Charles V may have particularly requested oral explication from Oresme on certain passages or questions relating to difficult or intriguing matters. For example, a Quaestio added by Oresme to his commentary on a passage from Book IX of the Ethics is one of the few lengthy interpolations he inserted into the text.[23] The discussion, choosing one of three worthy persons to be saved from execution, is a topic Oresme may have included for his patron's benefit, as it lends itself to oral argument and debate.[24] In this case, Oresme could have used as points for
discussion the elaborate inscriptions that form a kind of internal dialogue within the miniature.
Indeed, the inscriptions that are a distinctive feature of the miniature cycles in A and C can furnish important clues on how the books were read. Embedded within the pictorial field and emphasized by a banderole, the inscriptions act as a reference, locating or summarizing a key concept, unfamiliar term, or neologism (Fig. 12). Guided by the inscriptions, the reader can consult the explanation furnished by the translator in the chapter titles preceding the miniature, the glossary of difficult words, or the index of noteworthy subjects placed at the end of the text.

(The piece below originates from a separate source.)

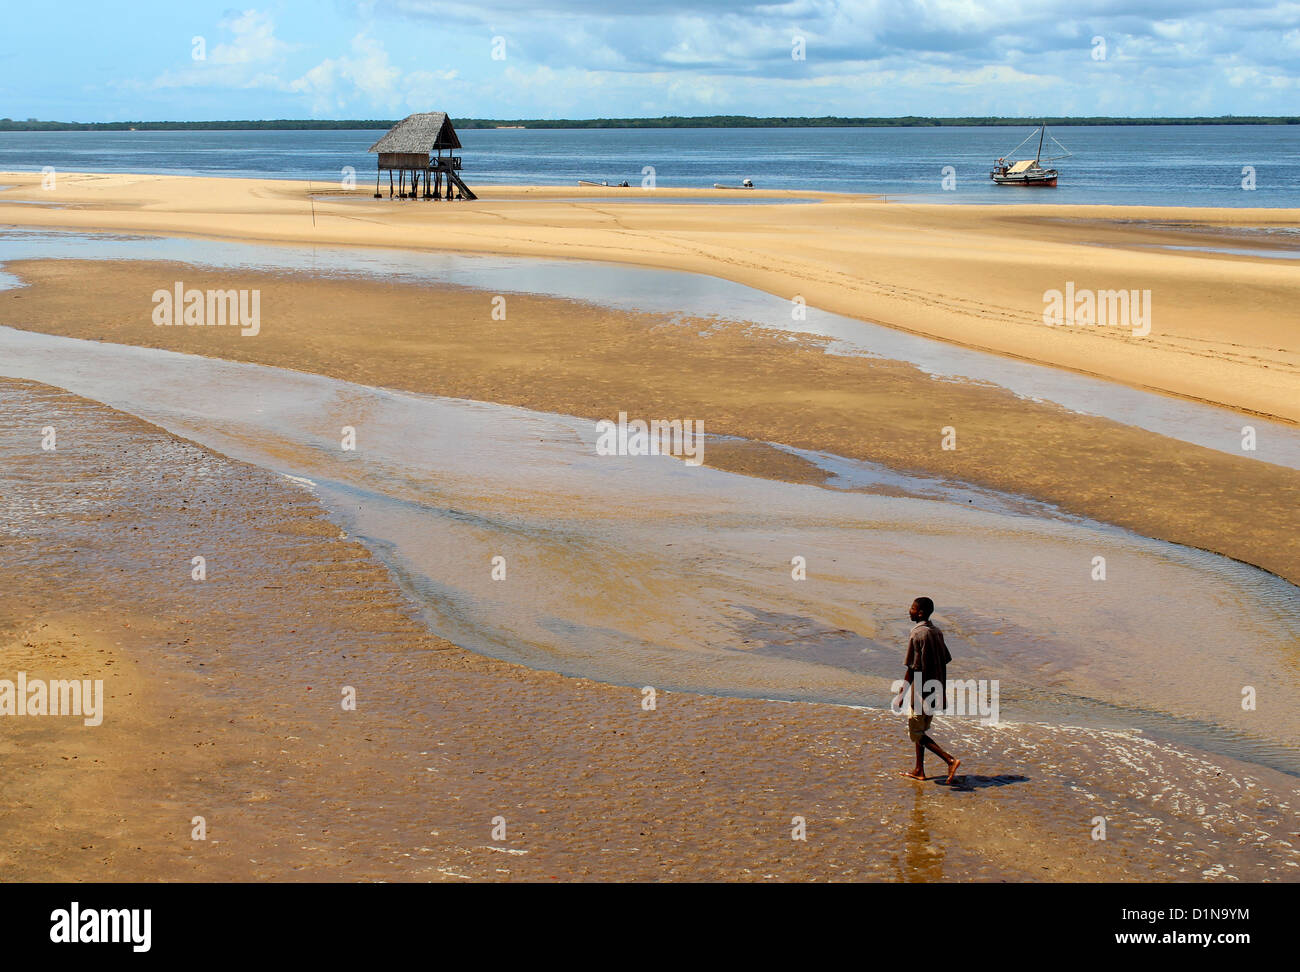 Beach and shore front at the Kipungani Explorer beach resort, Lamu Island, Kenya, East Africa Stock Photo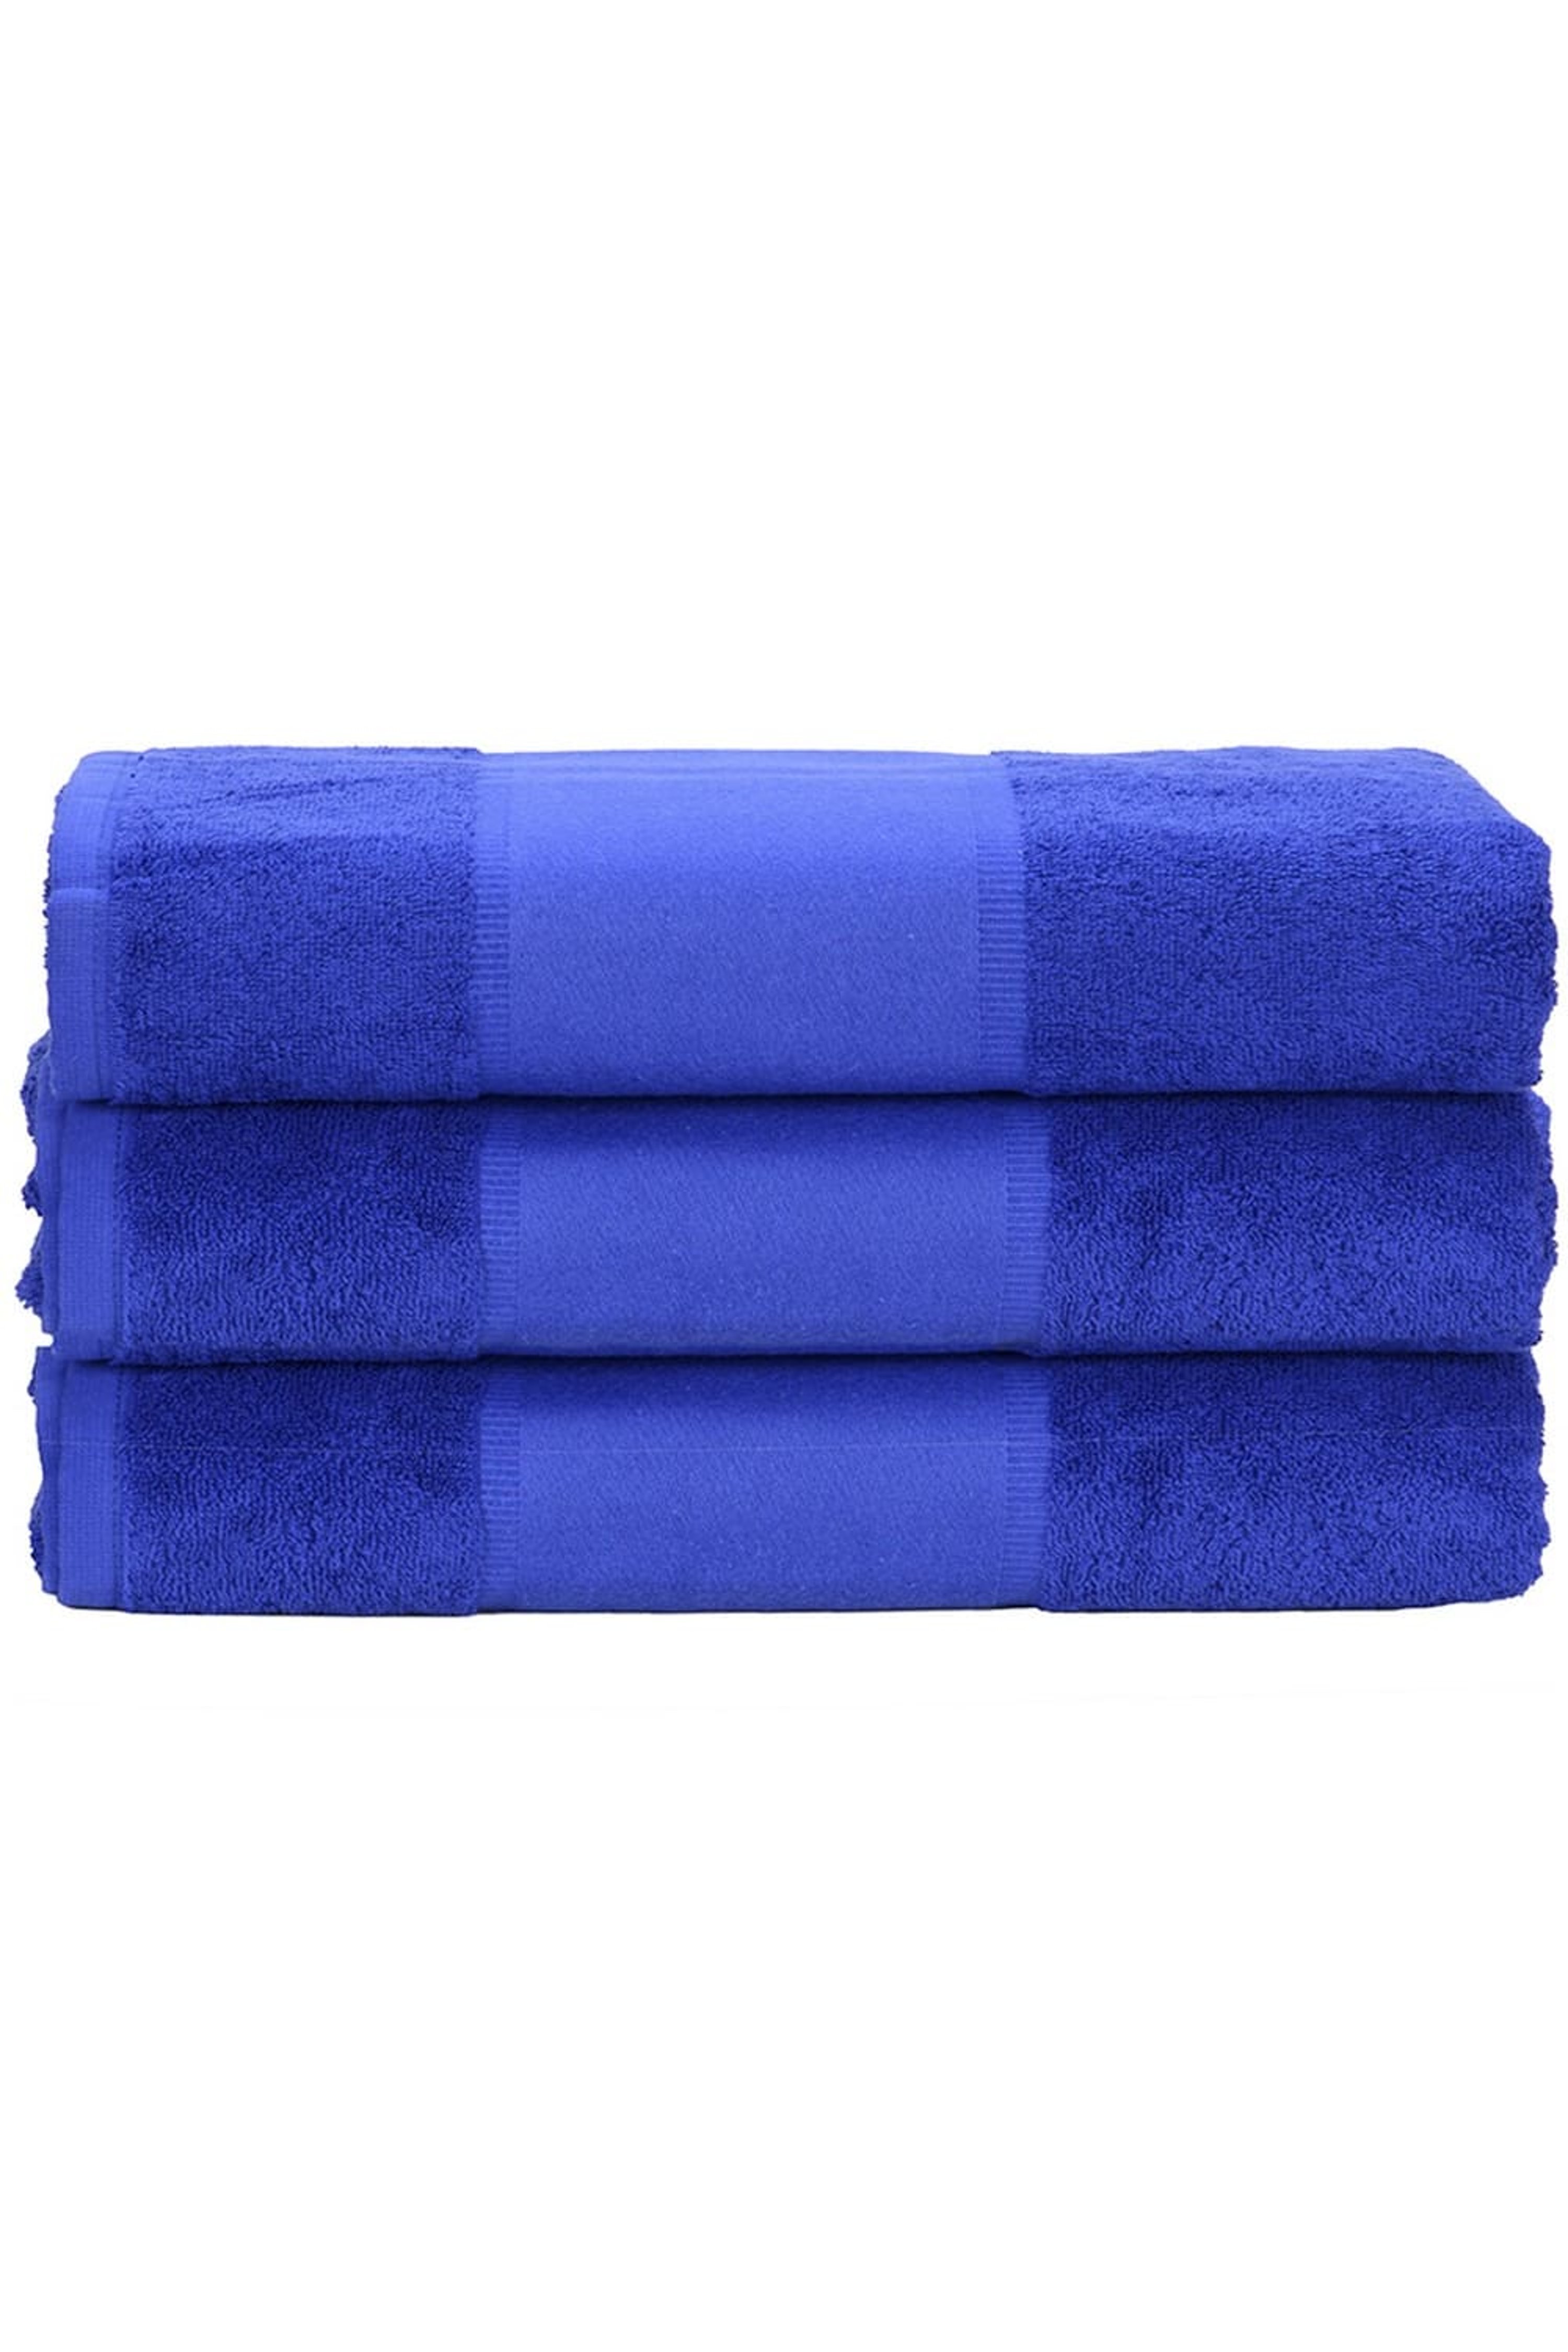 A&R TOWELS A&R TOWELS A&R TOWELS PRINT-ME HAND TOWEL (TRUE BLUE) (ONE SIZE)

The inscriptions also allow the reader to connect verbal information with the concrete imagery of the miniatures. An analogue to the vernacular language, in many cases the pictorial representation translates abstract ideas or terms borrowed from Latin into familiar visual modes. Such visual language includes personification and allegorical figures arranged in a coherent structure and clothed in contemporary dress. A preference for concrete visual imagery may correspond to the mental habits of readers accustomed to similar use of language in the vernacular.[25] The inscriptions may also have played a crucial role in forming associations between the verbal and the visual by singling out words as memory devices, perhaps for oral repetition by the reader. The persistence of aural habits of reading, or lectio , may have encouraged sounding out a word featured in the inscription to locate, associate, and assimilate the verbal concept with visual imagery.[26]
As was discussed in the previous chapter, scholars have recently recognized the cognitive and affective powers assigned to images in medieval faculty psychology and scholastic memory treatises. V. A. Kolve stresses the role of memory in making mental images the road to understanding and retaining verbal concepts.[27] Sight and hearing are separate pathways to the castle of Lady Memory, a metaphor used by Richard de Fournivall and illustrated in an early fourteenth-century French manuscript of Li bestiaires d'amour (Fig. 18).[28] Referring in part to Frances Yates's seminal work, The Art of Memory , Kolve emphasizes that Albert the Great and Thomas Aquinas assign to visual images the ability to fix general concepts in the mind by attaching them to specific details and places located within an imagined geographical or architectural structure.[29] Moreover, the great scholastics find in visual images affective powers that can move the soul to positive ethical action.
The inscriptions and images of Charles V's illustrated copies of the Ethiques unite through their functions as memory aids the verbal concept and its visual realization within a clearly defined pictorial field. In fact, an architectural memory gateway, similar to that of the Fournivall miniature, is a distinctive feature of the cycle in MS A .
In short, reading Oresme's translations may have combined individual study and oral explication. In view of the long intellectual relationship between Charles V and Oresme, as well as of the limited time available for the king and his counsellors to make their way through the lengthy and weighty translations, oral explications of crucial sections of the text by Oresme seem plausible. In both processes, the illustrations—particularly the inscriptions—had important didactic and mnemonic functions.